*Task directions:* Each record should be set down again so that it matches the original exactly.

:: Available data ::

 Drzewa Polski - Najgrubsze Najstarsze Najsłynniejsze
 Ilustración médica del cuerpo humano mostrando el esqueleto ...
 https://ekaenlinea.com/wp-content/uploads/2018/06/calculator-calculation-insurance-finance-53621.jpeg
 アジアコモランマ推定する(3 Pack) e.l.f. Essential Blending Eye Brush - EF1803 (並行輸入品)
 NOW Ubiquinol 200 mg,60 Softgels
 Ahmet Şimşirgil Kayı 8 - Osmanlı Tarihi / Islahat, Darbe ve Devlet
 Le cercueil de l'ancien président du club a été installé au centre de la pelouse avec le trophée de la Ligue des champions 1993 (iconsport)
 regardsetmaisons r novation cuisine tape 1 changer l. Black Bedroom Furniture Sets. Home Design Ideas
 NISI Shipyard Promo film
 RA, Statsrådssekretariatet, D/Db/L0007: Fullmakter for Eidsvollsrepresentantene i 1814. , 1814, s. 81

:::

*Finished exercise:*
 Drzewa Polski - Najgrubsze Najstarsze Najsłynniejsze
 Ilustración médica del cuerpo humano mostrando el esqueleto ...
 https://ekaenlinea.com/wp-content/uploads/2018/06/calculator-calculation-insurance-finance-53621.jpeg
 アジアコモランマ推定する(3 Pack) e.l.f. Essential Blending Eye Brush - EF1803 (並行輸入品)
 NOW Ubiquinol 200 mg,60 Softgels
 Ahmet Şimşirgil Kayı 8 - Osmanlı Tarihi / Islahat, Darbe ve Devlet
 Le cercueil de l'ancien président du club a été installé au centre de la pelouse avec le trophée de la Ligue des champions 1993 (iconsport)
 regardsetmaisons r novation cuisine tape 1 changer l. Black Bedroom Furniture Sets. Home Design Ideas
 NISI Shipyard Promo film
 RA, Statsrådssekretariatet, D/Db/L0007: Fullmakter for Eidsvollsrepresentantene i 1814. , 1814, s. 81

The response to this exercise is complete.